Abstract
Handling of Pharmaceutical Deviations: A Detailed Case Study
Pharmaceutical Quality Assurance Group, Department of Pharmaceutics, JSS College of Pharmacy, JSS Academy of Higher Education & Research, Sri Shivarathreeshwara Nagara, Mysuru-570015, Karnataka, India
Correspondence Address:
S. H. KUMAR, Pharmaceutical Quality Assurance Group, Department of Pharmaceutics, JSS College of Pharmacy, JSS Academy of Higher Education & Research, Sri Shivarathreeshwara Nagara, Mysuru-570015, Karnataka, India, Email: hemanthkumar@jssuni.edu.in
Deviations are the differences which are measured between the expected or normal values and the observed values for a product or process condition from a procedure or a documented standard. Deviations occur almost every day in the pharmaceutical industries, handling of deviations and minimising the recurrence of them has very critical considerations in the quality management system of the pharmaceutical industry.
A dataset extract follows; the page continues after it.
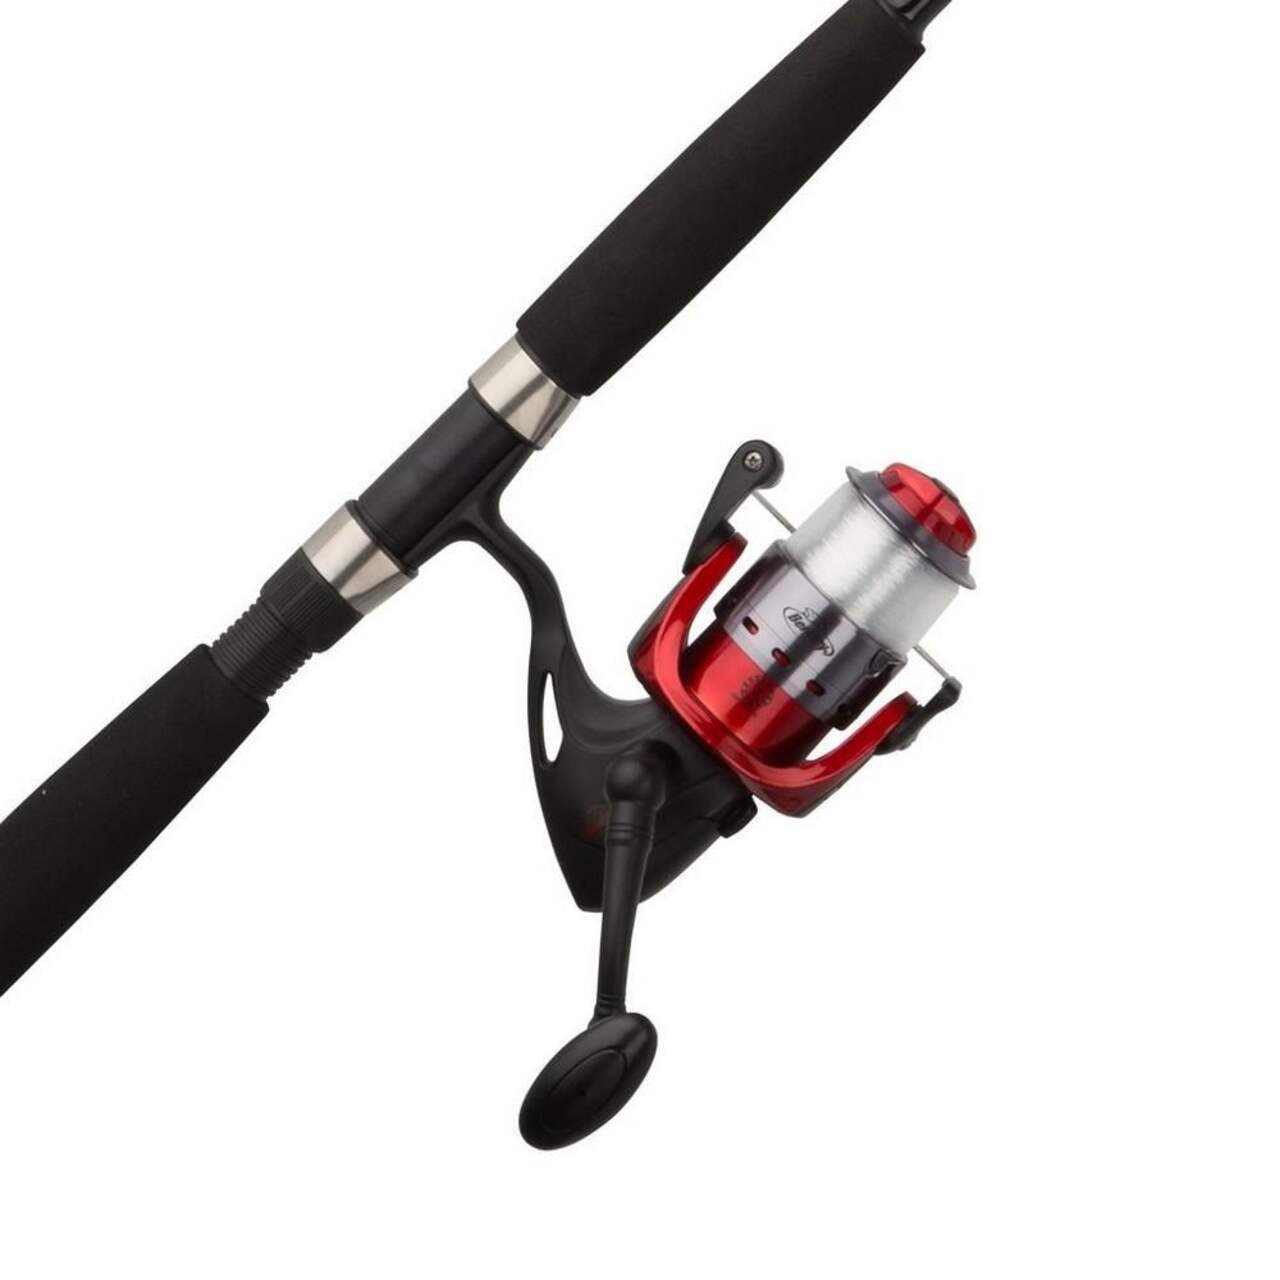 Fishingmonk on Instagram: Berkley Big Game Spinning Rod  7ft - 8ft    #berkley #fishingmonk #fishing #rod #fishingrod #spinningrod #tackle  #biggame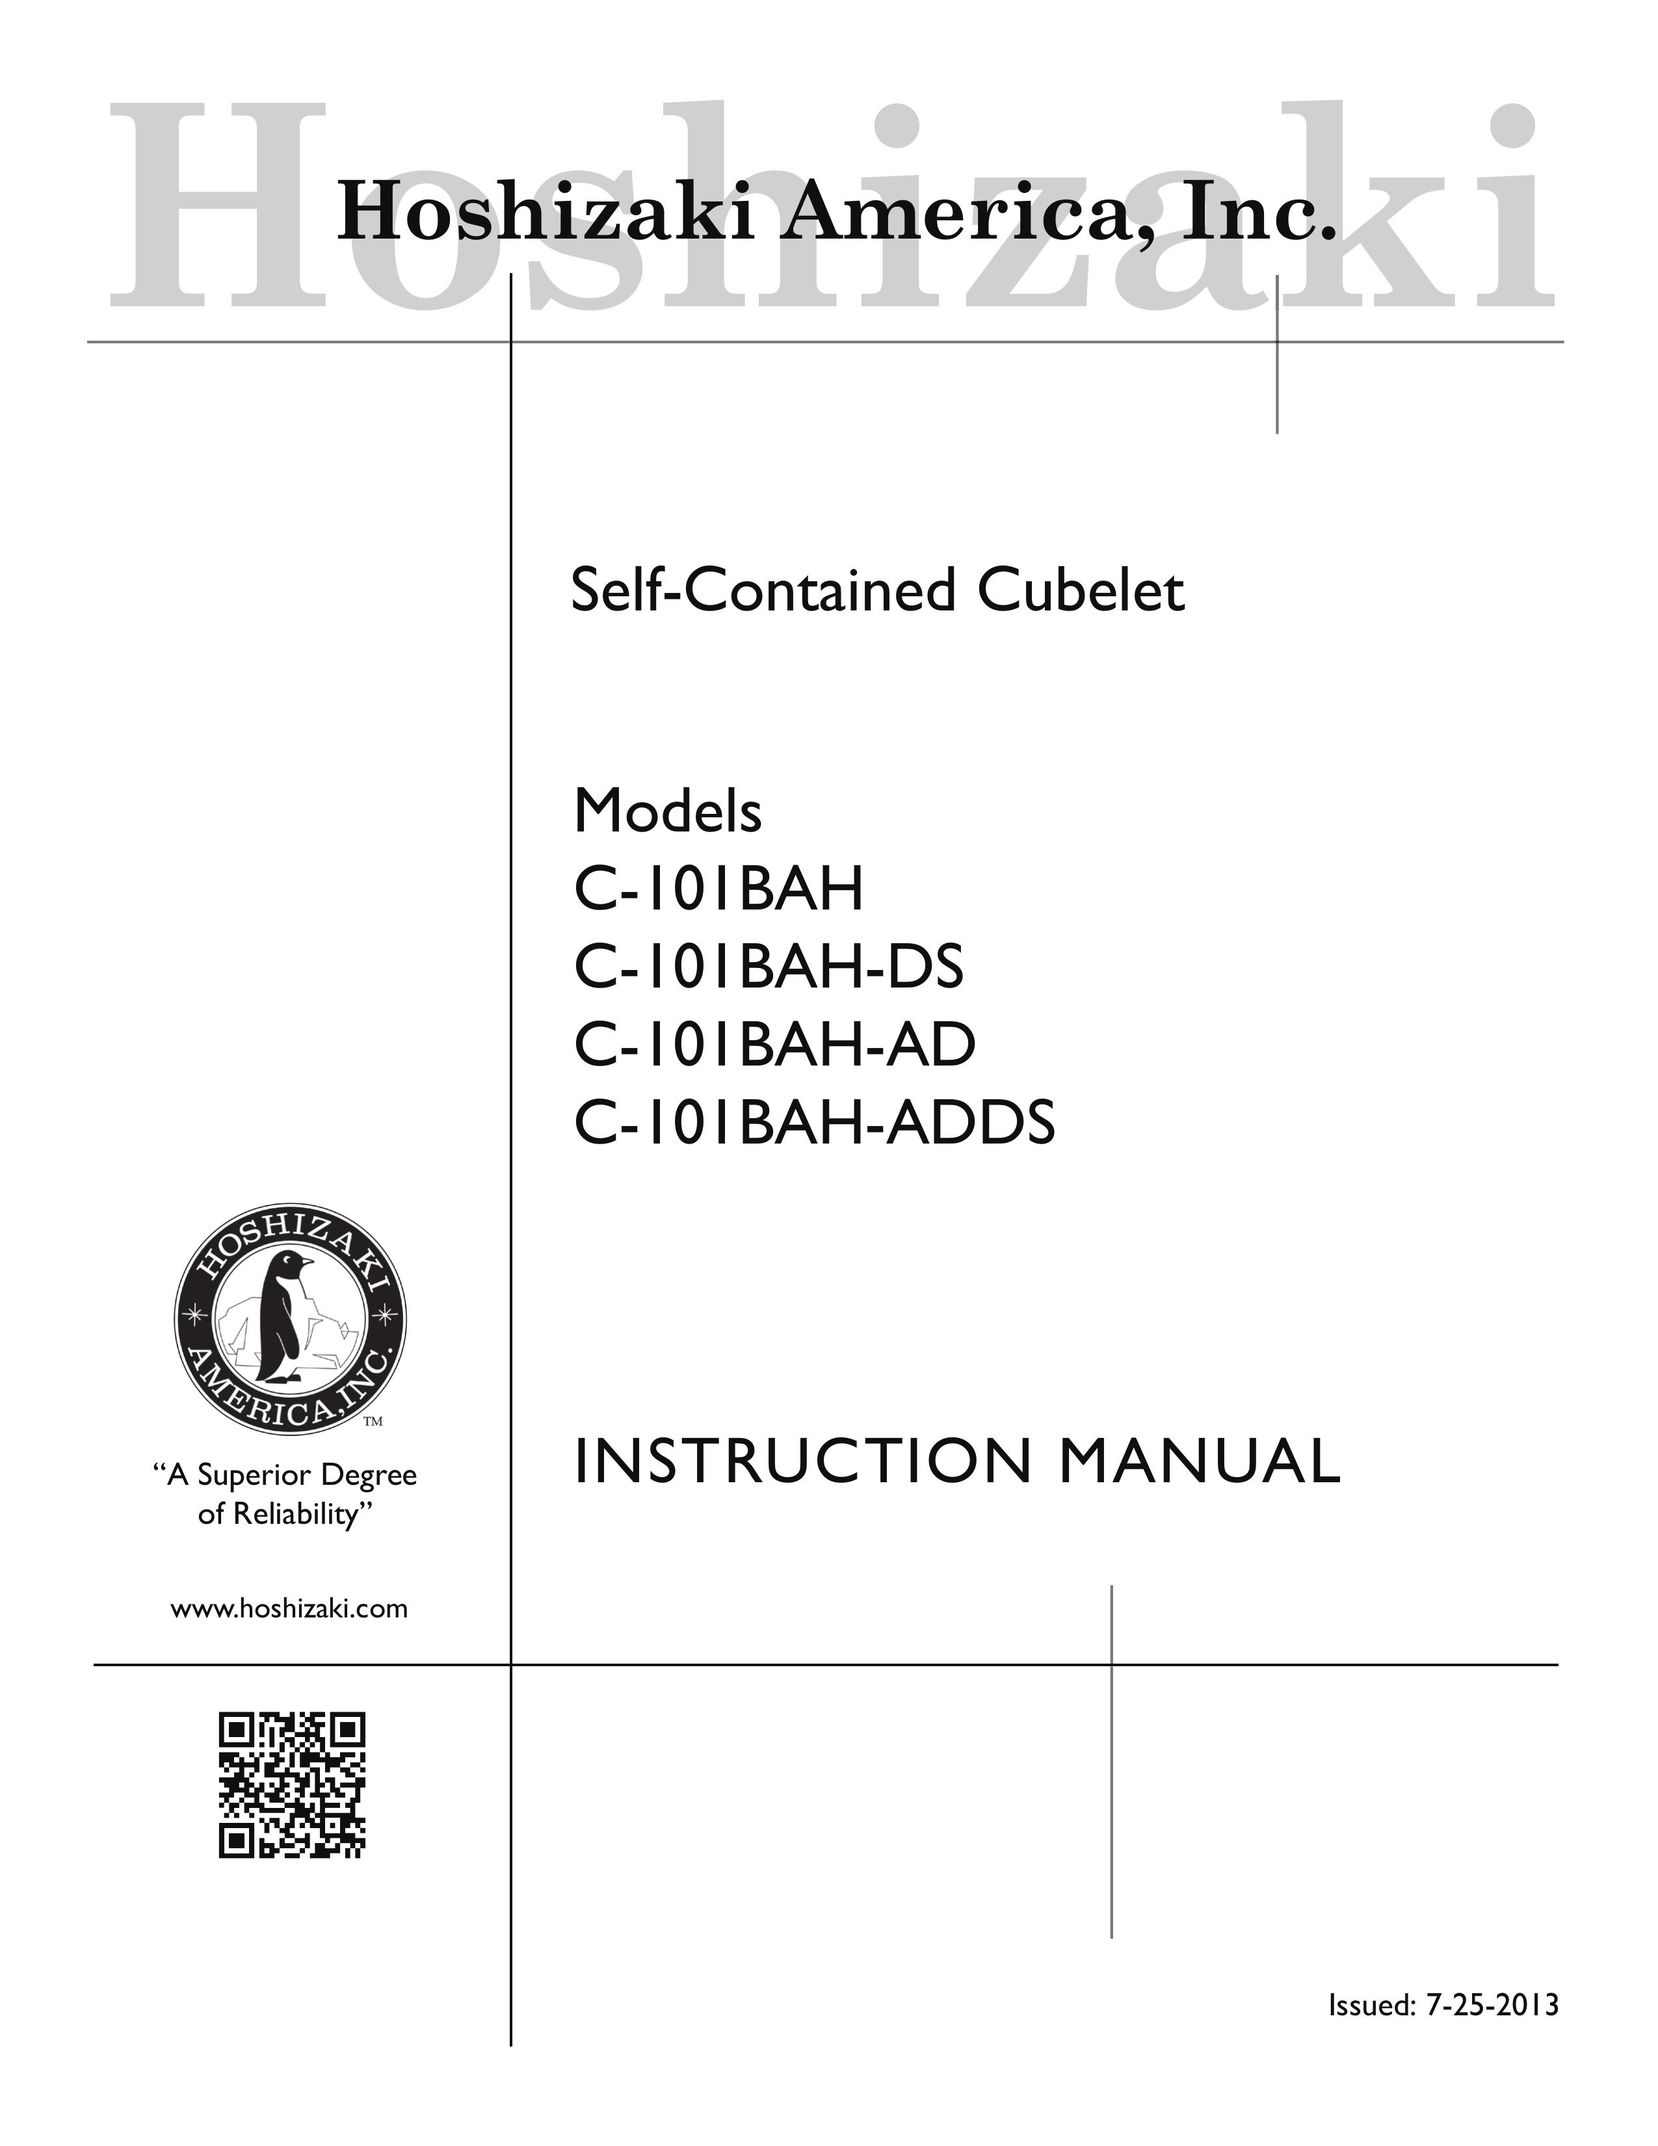 Hoshizaki C-101BAH-ADDS Freezer User Manual

This article explains the procedure for handling of deviations by identifying the deviation, understanding its criticality, conduct root cause analysis and suggesting corrective and preventive action for it. This is explained through various case studies such as out of calibration equipment’s, facility modification, temperature excursions, out of specification during the manufacturing process, with a detailed process about the handling of deviations.